To say Victor was passionate in his advocacy would be an understatement. He spoke quickly and gestured widely, his eyes intent—a man who seemed to gather rather than lose energy with the decades. His message was always clear, direct, well-reasoned and persuasive. A former colleague once called him “a fast-talking salesperson for justice.” The description fit a career that ran from the segregated South to the Hawaiian Islands he loved since first visiting them as a young man.

Victor was born in 1944 on Long Island, New York, to Irish and Italian immigrant parents. After graduating from Fordham University in 1966 and Villanova Law School in 1969, he joined Volunteers in Service to America (VISTA), the domestic service corps created as part of President Lyndon Johnson’s War on Poverty. He was sent to the Atlanta Legal Aid Society, one of four young lawyers in a single office.

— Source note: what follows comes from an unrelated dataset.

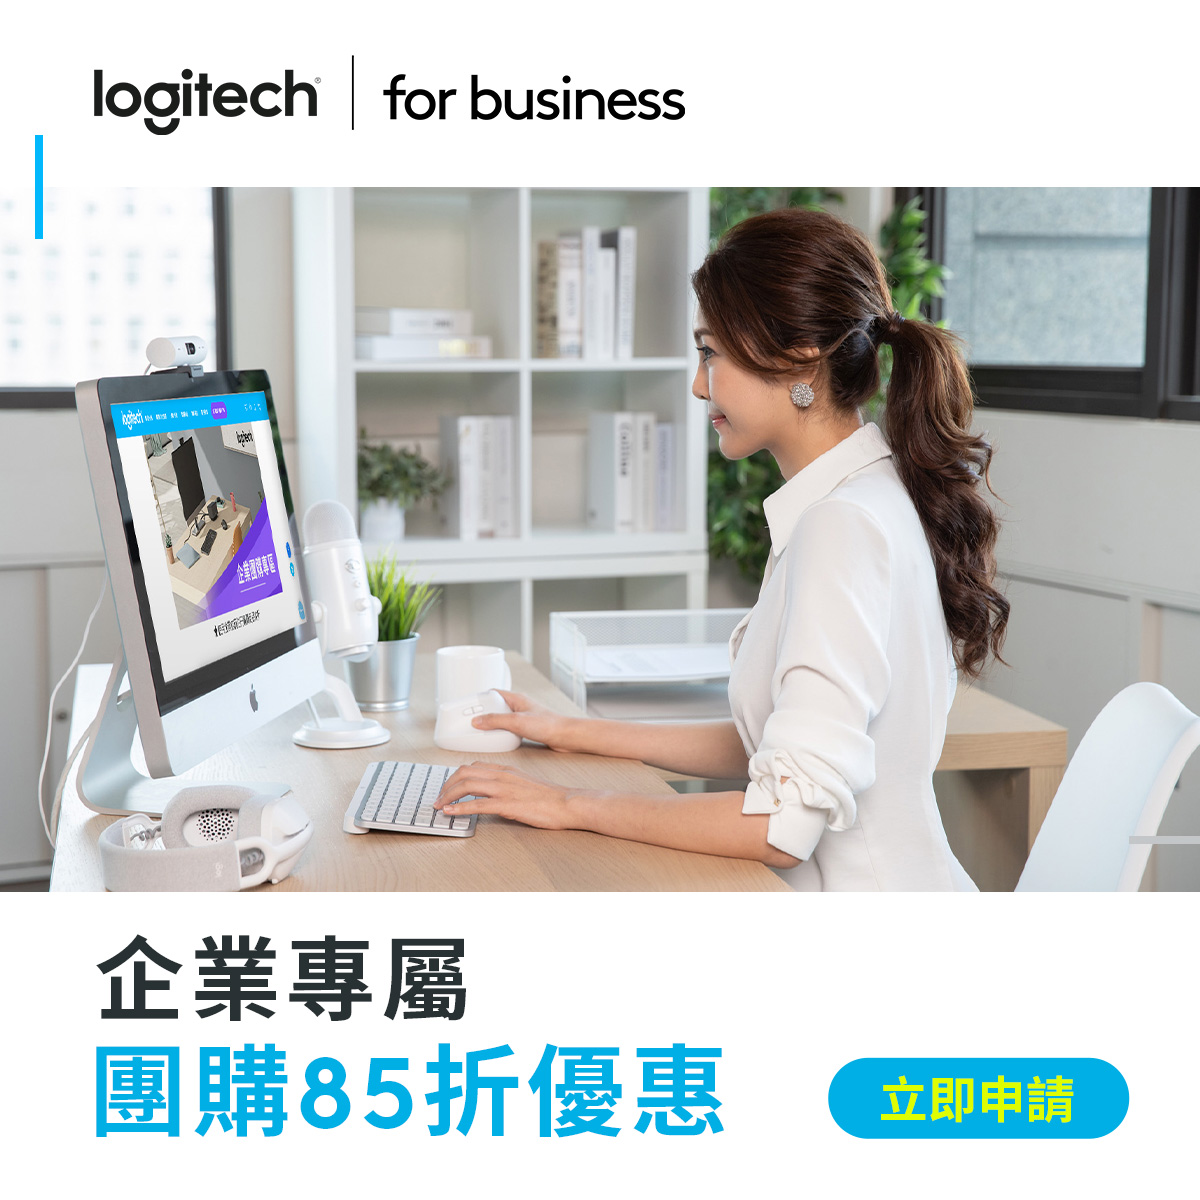 Logitech for Business 提供企業客戶專屬優惠，除了最暢銷的 MX 高階商務系列、主流系列的鍵鼠組合外，也有針對商務會議所設計的耳機、攝影機等個人協作方案，助您事半功倍，搭上混合辦公浪潮！

He wasted no time. In his first week, he helped organize a rent strike against the landlord of a 200-unit complex over its squalid conditions. It was the opening note of a lifelong theme. As a young attorney in Georgia, he also filed one of the first federal class-action jail-closure cases in the country, winning permanent injunctions against two jails whose conditions, a court agreed, amounted to cruel and unusual punishment. 

Over the following decades, he directed legal services programs in Georgia, New York, Massachusetts, and California, and during the Carter Administration served as a regional director for the federal Legal Services Corporation (LSC), overseeing 75 legal aid programs across 10 southern states.

Courtesy: Elyse Butler

Victor had fallen for Hawaiʻi on a visit in 1965, and in 1994 he moved to the islands to lead the Legal Aid Society of Hawaiʻi (Legal Aid), a post he held until 2005. It was there that he fought the battle that would shape the rest of his career. In 1996, Congress barred legal aid organizations that received LSC funding from bringing class actions and engaging in legislative and other policy advocacy that had long been their most powerful tools for achieving large-scale, systemic change. 

Rather than accept these restrictions, Victor drove a landmark lawsuit against the federal government, challenging them as unconstitutional conditions on the organizations’ First Amendment rights. Legal Aid was the lead plaintiff in the suit, filed in the U.S. District Court in Hawaiʻi, and Victor drew on one of his great strengths—building coalitions and recruiting pro bono support—to bring legal aid organizations from other states in as co-plaintiffs and to enlist help from both Hawaiʻi-based and national law firms, as well as the American Civil Liberties Union. The case forced a rewrite of the LSC rules, creating a pathway for LSC-funded legal aid organizations to establish separately incorporated affiliates that could once again pursue class actions and systemic legislative and policy advocacy.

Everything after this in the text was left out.